At 2/18/2010 07:37 PM, Jonathan Lighter wrote:
>I first heard my dentist say this, maybe ten years ago. I immediately asked
>him about it and he said he'd learned it in dental school (ca1980), in
>reference to preferring the simplest diagnosis first.
>
>JL
>
>On Thu, Feb 18, 2010 at 7:01 PM, Victor Steinbok <aardvark66 at gmail.com>wrote:
>
> > ---------------------- Information from the mail header
> > -----------------------
> > Sender:       American Dialect Society <ADS-L at LISTSERV.UGA.EDU>
> > Poster:       Victor Steinbok <aardvark66 at GMAIL.COM>
> > Subject:      Re: "don't think zebras"
> >
> >
> -------------------------------------------------------------------------------
> >
> > There are some fun ones. Google autocomplete the quote once you type
> > "think hor". The earliest two hits seem to be 1995, attributing to
> > "Doctors at the Himalayan Rescue Association" and 1994, "The phrase
> > "Think horses, not zebras" will sound familiar to just about any
> > American-trained physician or clinical psychologist, and perhaps to
> > those who've studied those fields in other countries as well".
> >
> > I did not complete the review (scanned about 120 out of 200+), nor did I
> > try any variations.

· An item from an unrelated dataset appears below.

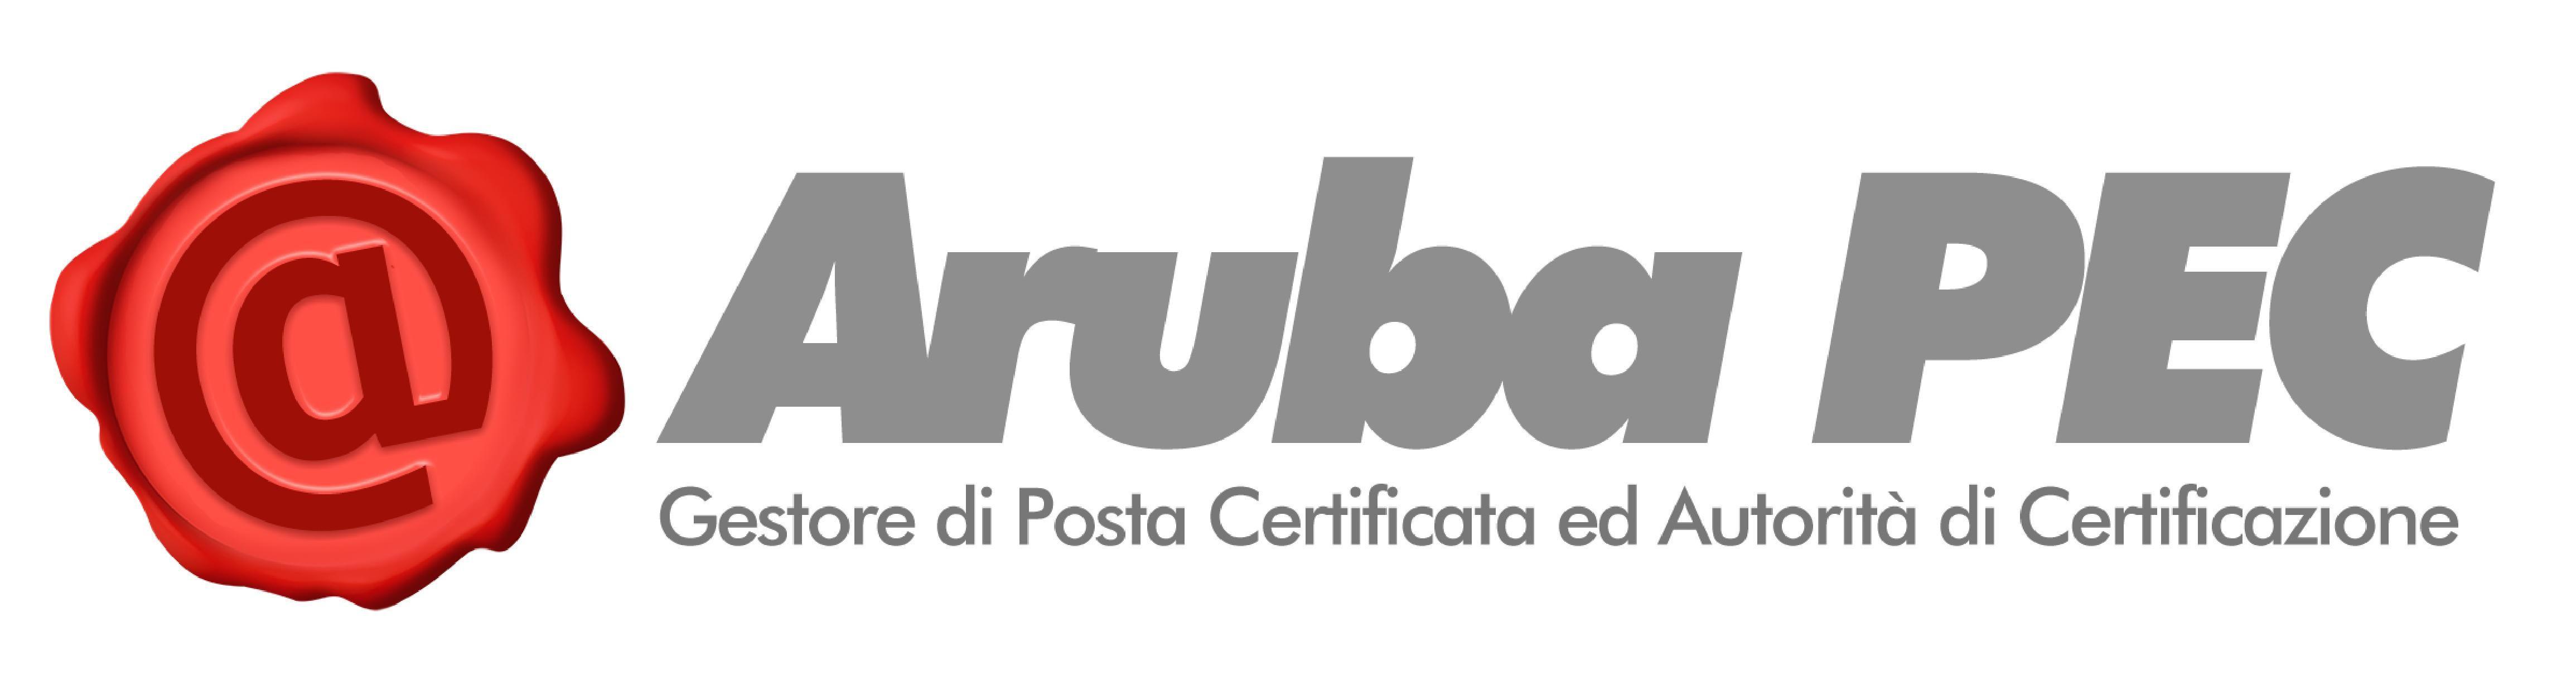 PEC Logo - 2018_Aruba-Pec-Logo-page-001 - FORUM PA 2018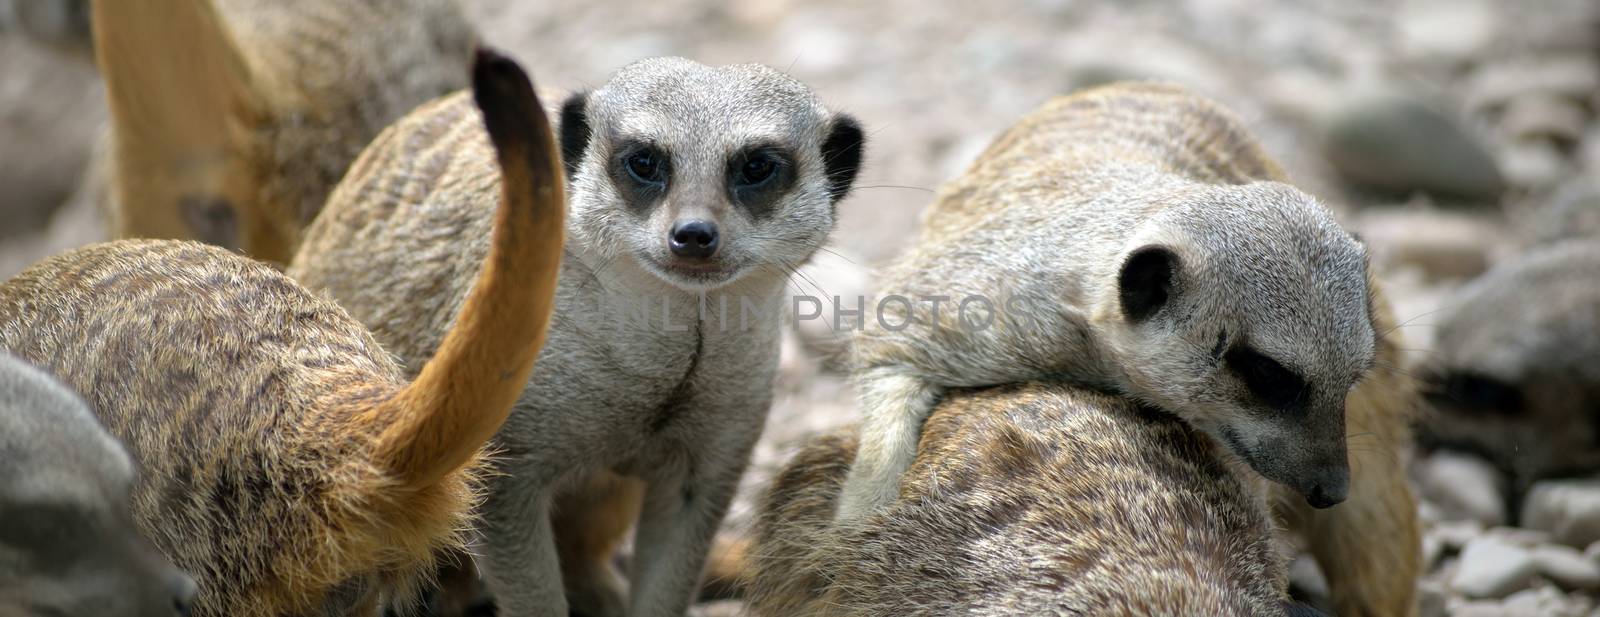 meerkats in fota wildlife park near cobh county cork ireland

The former seems implausible, the latter--apocryphal.
> >
> >     VS-)
> >
> > On 2/18/2010 6:06 PM, Joel S. Berson wrote:
> > > Not in the Yale Book of Quotations nor a couple of recent Oxford
> > > books of quotations.
> > >
> > > "When you hear hoofbeats, think horses, not zebras."
> > >
> > > Attributed in the NYT by Michiko Kakutani (Books of the Times, Feb.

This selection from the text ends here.